# Next Free Party Fundraiser (Generator)



## Dan U (Feb 1, 2008)

http://i27.tinypic.com/2mqukr5.jpg

looks nuts!

shame i am planning on being at Levellers in Brixton


----------



## zenie (Feb 1, 2008)

That's my birthday weekend 

how the fuck are they linking Clockwork and Lakota? 

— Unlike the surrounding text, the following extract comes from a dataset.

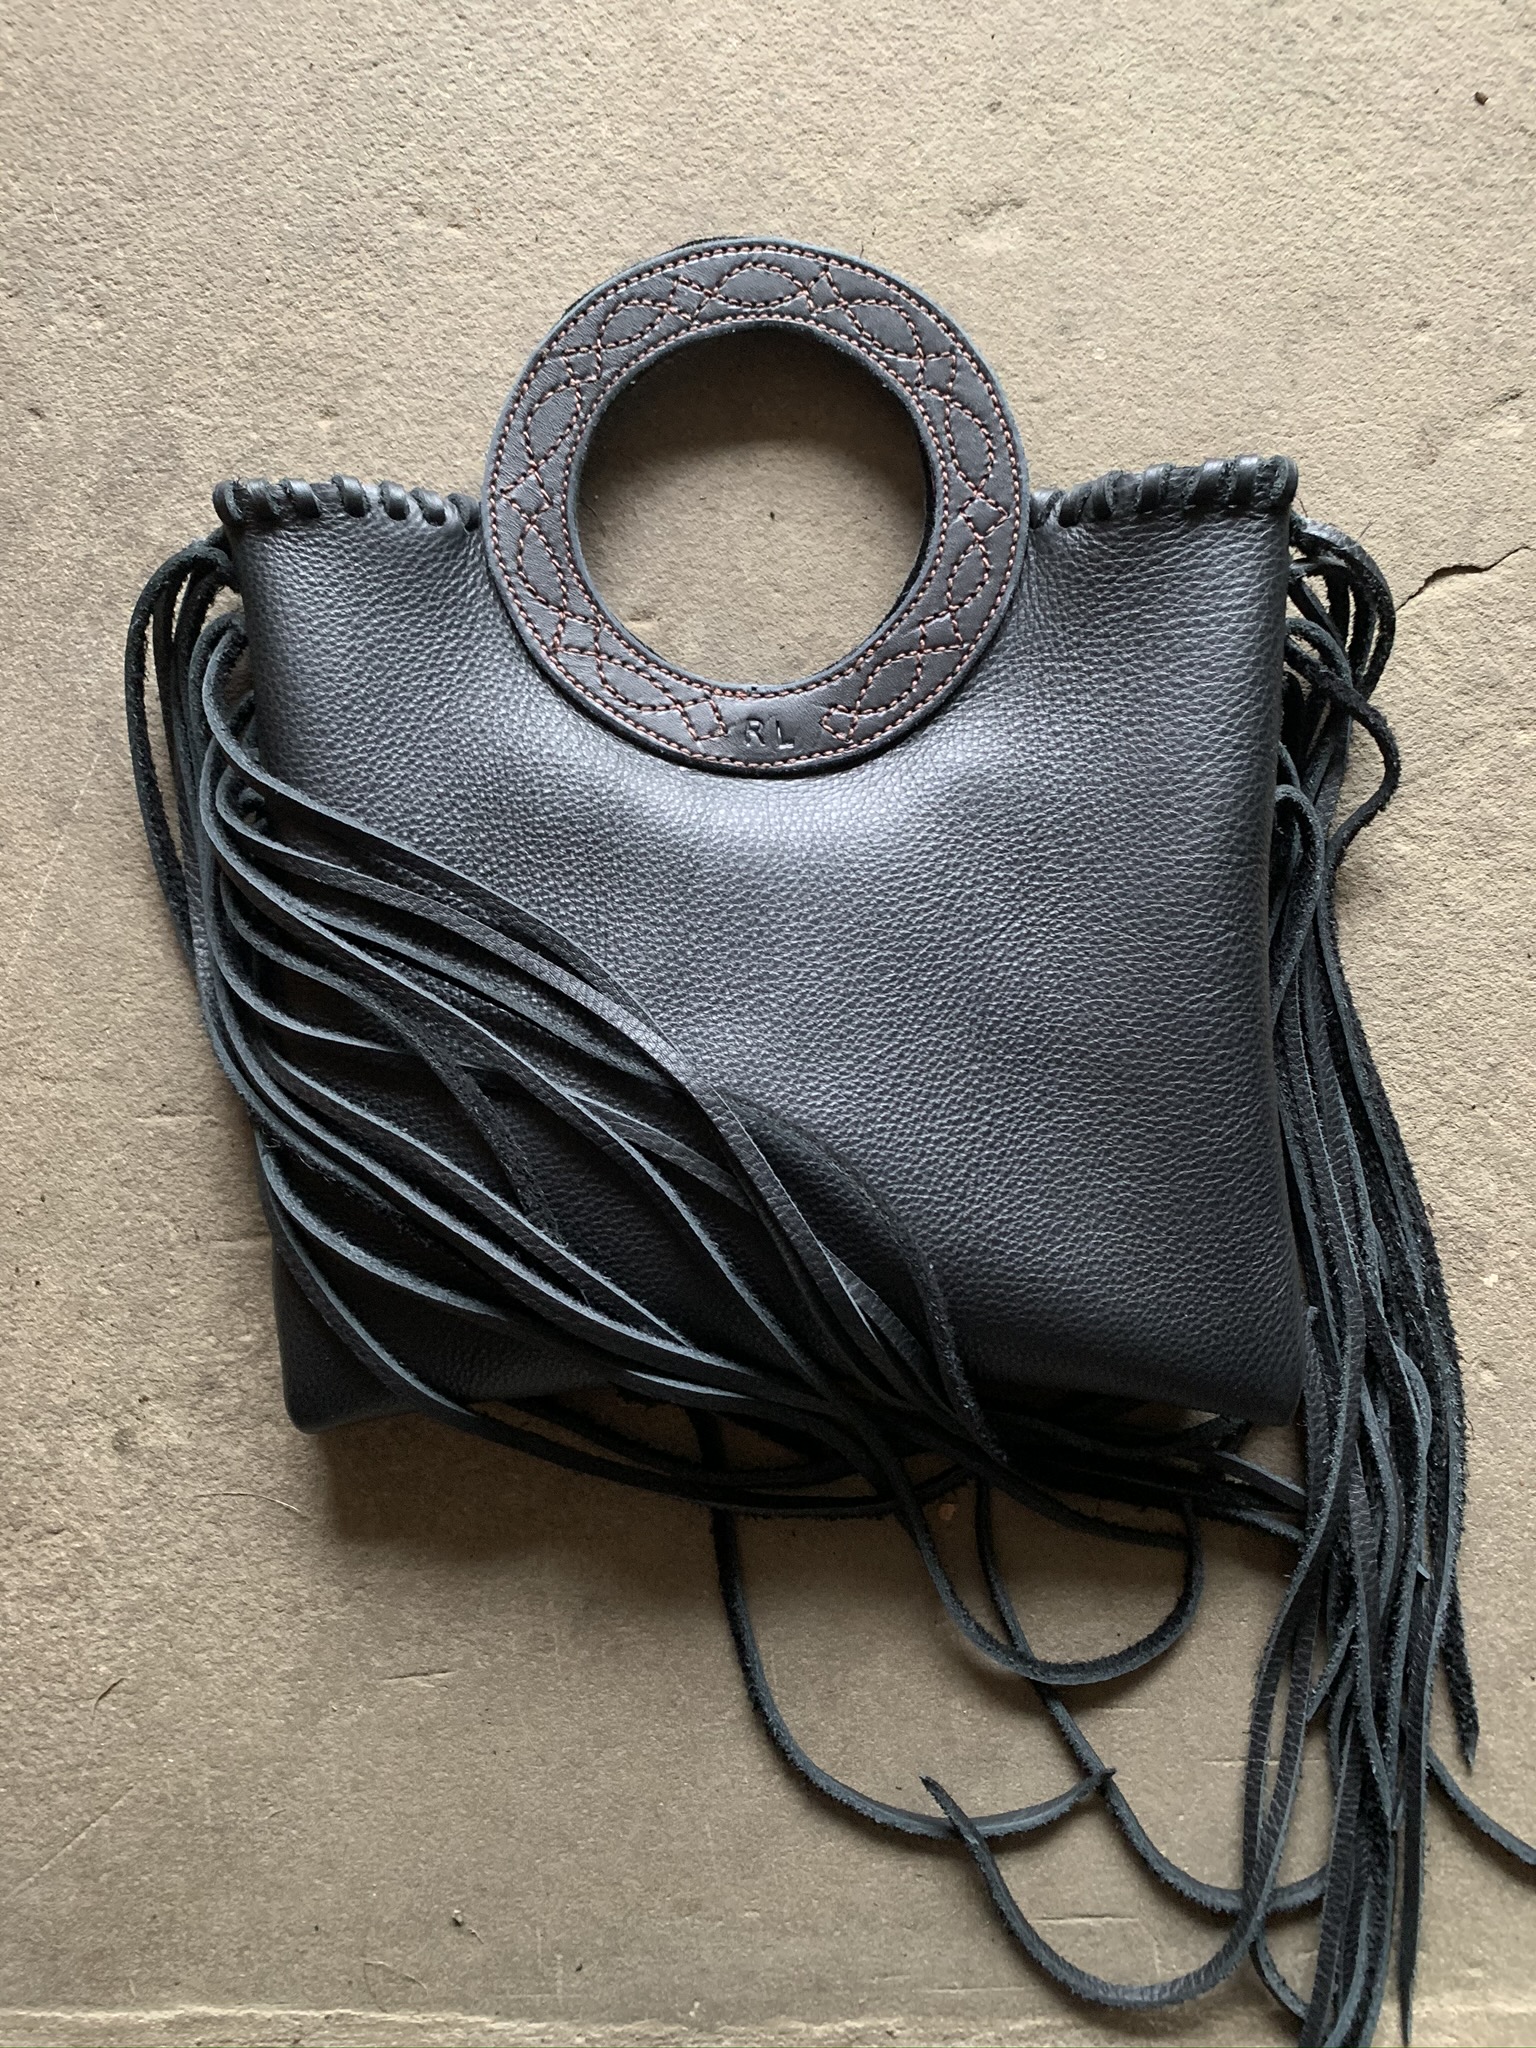 Handbags by Rivet Leatherworks of Pennsylvania, which are made the old-fashioned way – by hand, one at a time – can be seen and shopped at the WDC Exhibit + Sale.

Oh just seen you get a wristband....a bit weird that'll be.


----------



## Dan U (Feb 1, 2008)

yeah

few brizzle urbs went to the last one, thought i'd give them a heads up


----------



## softybabe (Feb 2, 2008)

disgusting


----------



## ddraig (Feb 2, 2008)

absolutely


softybabe said:


> disgusting


----------



## keybored (Feb 4, 2008)

ddraig said:


> absolutely



I agree

























Pirates vs. _Cavemen?_ It's NINJAS for fucks sake.


----------



## Yetman (Feb 13, 2008)

Bastard! Thought this was on the BH weekend 

Still...should be good


----------



## Onket (Feb 14, 2008)

I'm up for this one.


----------



## Onket (Feb 14, 2008)

Interesting link on the flyer- www.recydratethewest.net


----------



## starfishflowers (Mar 1, 2008)

Is recydratethewest on again this year?? looks ace


----------



## fizzerbird (Mar 1, 2008)

Fek me! Feking dilema!

Pirates and Cavemen are both favs of mine...they should not be in competition 

forgot to check when this is...


----------



## fizzerbird (Mar 1, 2008)

How the frig am I supposed to read that flyer??

Where's the date?


----------



## salem (Mar 1, 2008)

Just got me tickets through the post.

It's next weekend (8th March) and is looking to be fucking brilliant. Really can't wait


----------



## Geri (Mar 1, 2008)

salem said:


> It's next weekend (8th March) and is looking to be fucking brilliant. Really can't wait



I can't go, it clashes with Ladies Night at the Queens Head in Eastville.


----------



## starfishflowers (Mar 1, 2008)

hi there

me and a few mates are off there for my bday celebrations - do peeps meet up somewhere beforehand???/


----------



## Onket (Mar 3, 2008)

fizzerbird said:


> How the frig am I supposed to read that flyer??
> 
> Where's the date?



If it's small, then click on it. If it's big, then scroll around.


----------



## JTG (Mar 7, 2008)

hope all youse going have a great time

Clockwork is closing in May - being developed for yet more cunting yuppie flats. The ruination of Stokes Croft continues apace as fucking wanker developers shit on my doorstep yet again. Roll on the recession, hope they all lose heaps of money on it.

Bastards.


----------



## Onket (Mar 7, 2008)

Booked my train tickets this morning.


----------



## Yetman (Mar 7, 2008)

I'll be there


----------



## fizzerbird (Mar 9, 2008)

Did You go?I didn't see any one of you!

Blinding night!!!  

*proud mother mode*

My son played a wikkide set...bless him 


ERM...now he's in his room wiv a girl...making noises!  

*puts head phones on*


----------



## Onket (Mar 10, 2008)

Great night.


----------



## Yetman (Mar 10, 2008)

Ha! That’s about as complex my sentences are today as well mate…..


----------



## Onket (Mar 10, 2008)

It's all your fault!


----------



## Yetman (Mar 10, 2008)

I blame Spuggy


----------



## Onket (Mar 11, 2008)

He's certainly not blame free!!!


----------



## space-hopper (Mar 20, 2008)

yea it was a crackin night and good to see a few urbs there, mashed up as one would expect 
missed a few by the looks of it :/


----------